To build a Proactive Customer Retention (PCR) Strategy, an analytical model is developed leveraging past customer data, historical attritions, identification of specific attributes of attriting customers, and the weightage that each of these attributes carry.

Depending on whether it is a B2B or B2C business, magnitude of data capture, number of customers, frequency of purchase, etc. will vary. Typically, a B2B business will have lower numbers of customers and less transactions of higher value or contracts for a longer period; however such businesses tend to capture more details for each of their customers, their usage and purchasing patterns.  A B2C business on the other hand will primarily capture sales data. In such a scenario, building the model parameters around recency of purchase, frequency of purchase, tenure with the business and transaction value will be key.
Once the PCR model has been build and factors identified, current customers are scored based on the model results to understand their engagement level and ‘at-risk’ Customers identified. ‘At-risk’ customers may further be segmentated on basis of geography, transaction size or industry segment to develop segment specific retention strategies.
Next, a retention strategy needs to be developed.
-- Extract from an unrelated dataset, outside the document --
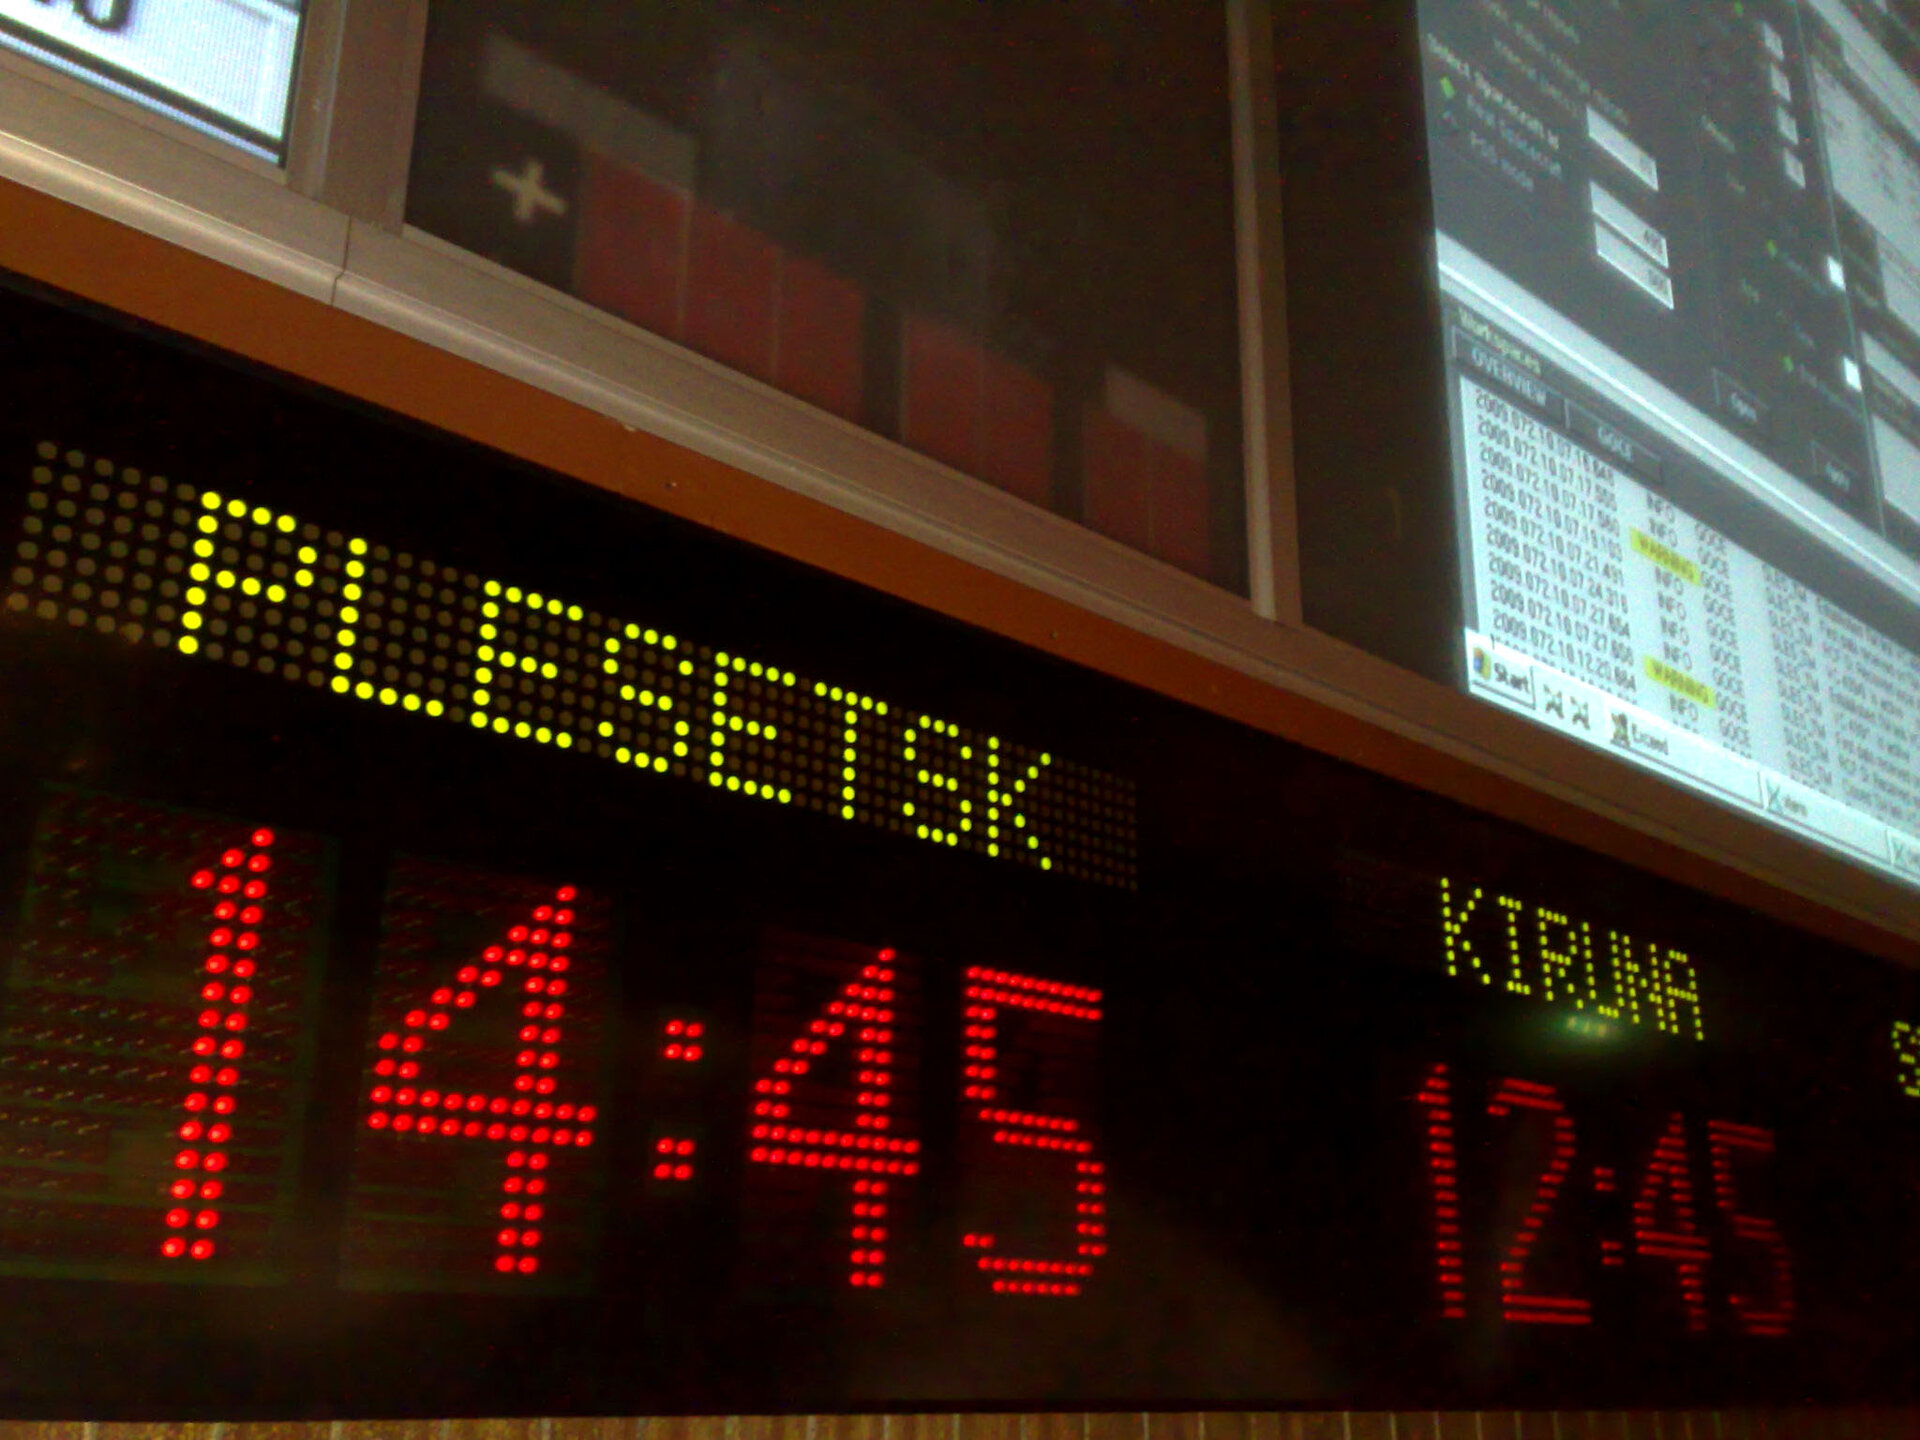 Plesetsk time display - CET + 2 hours
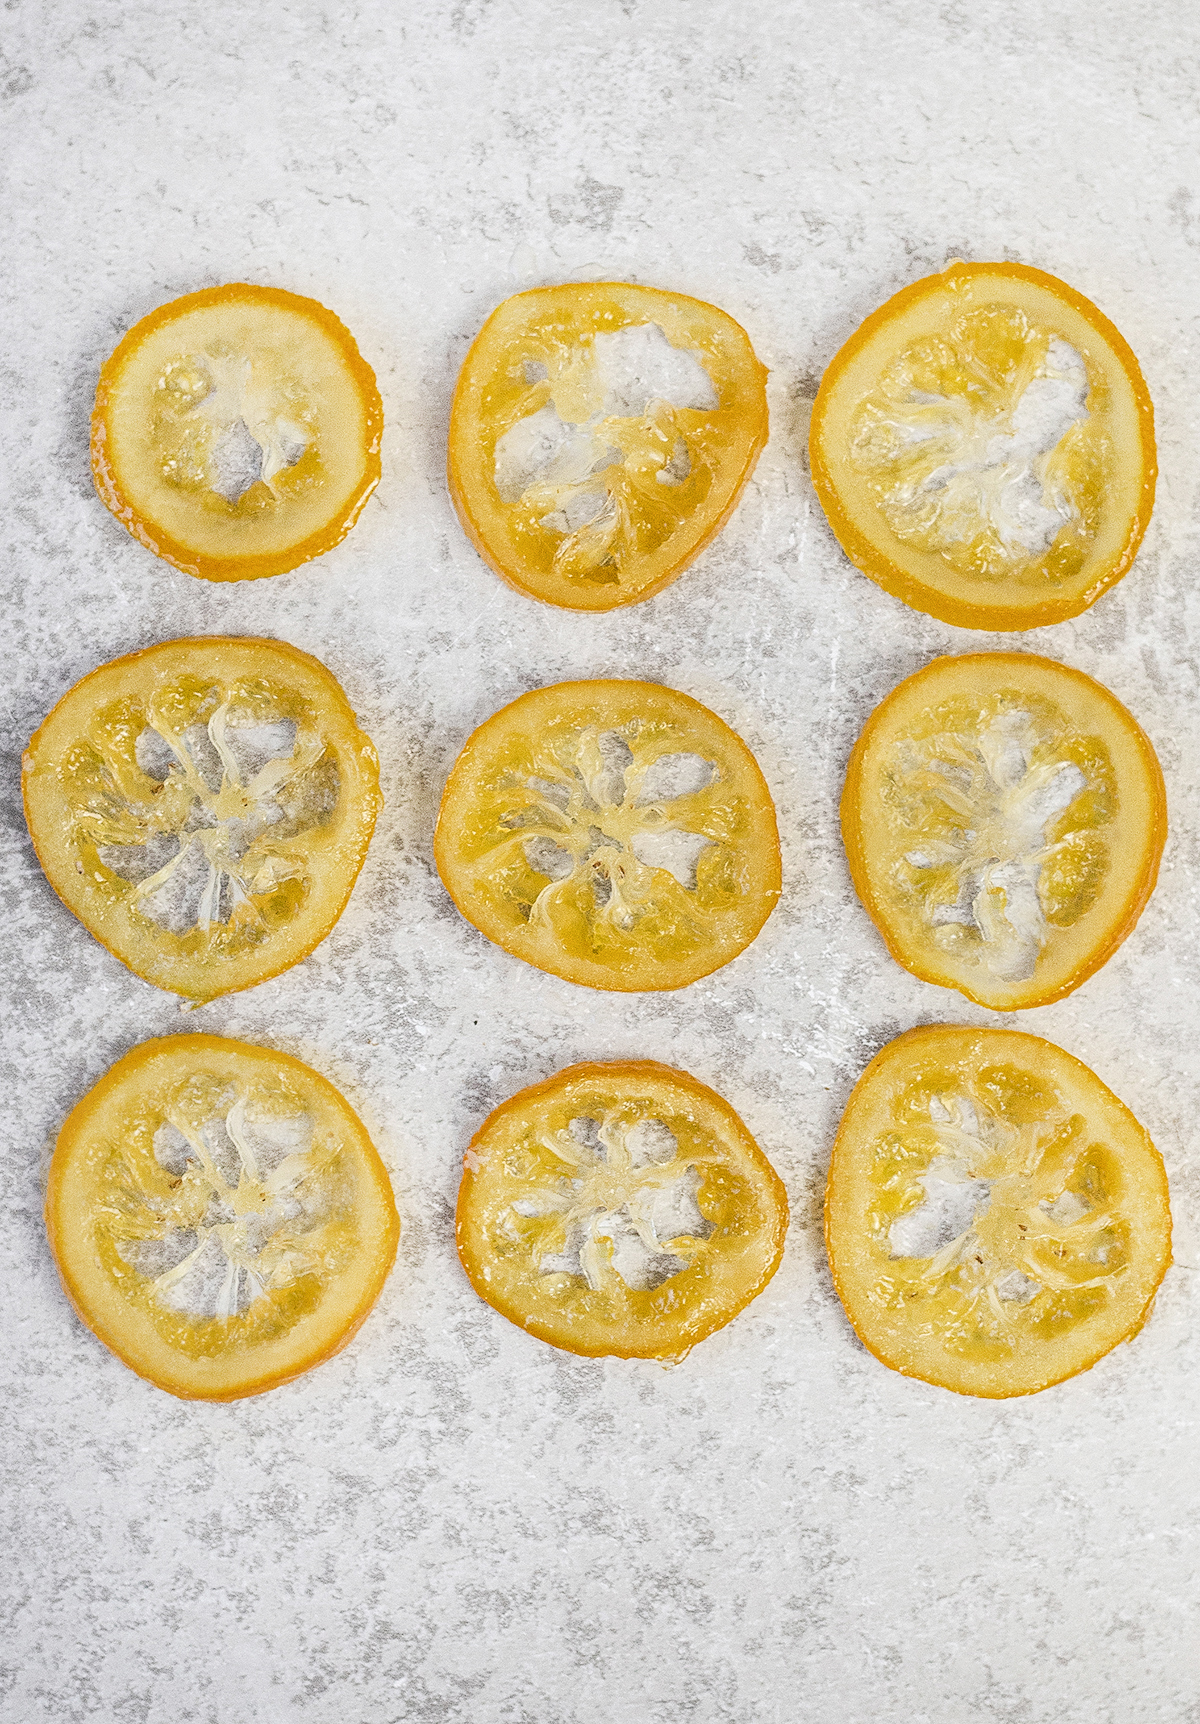 Candied Lemon Slices

The retention strategy could be a periodic phone call to at-risk customers, offering limited period discounts, packaging two or more products/services together, customizing the product or service to suit a particular customer’s requirement, etc.  In addition, the PCR model can be employed to determine overall influx and outflux of customers, expected uplift from retention initiatives, and to predict future sales. A robust PCR strategy will also ensure that the model is refined and updated with fresh data from time to time.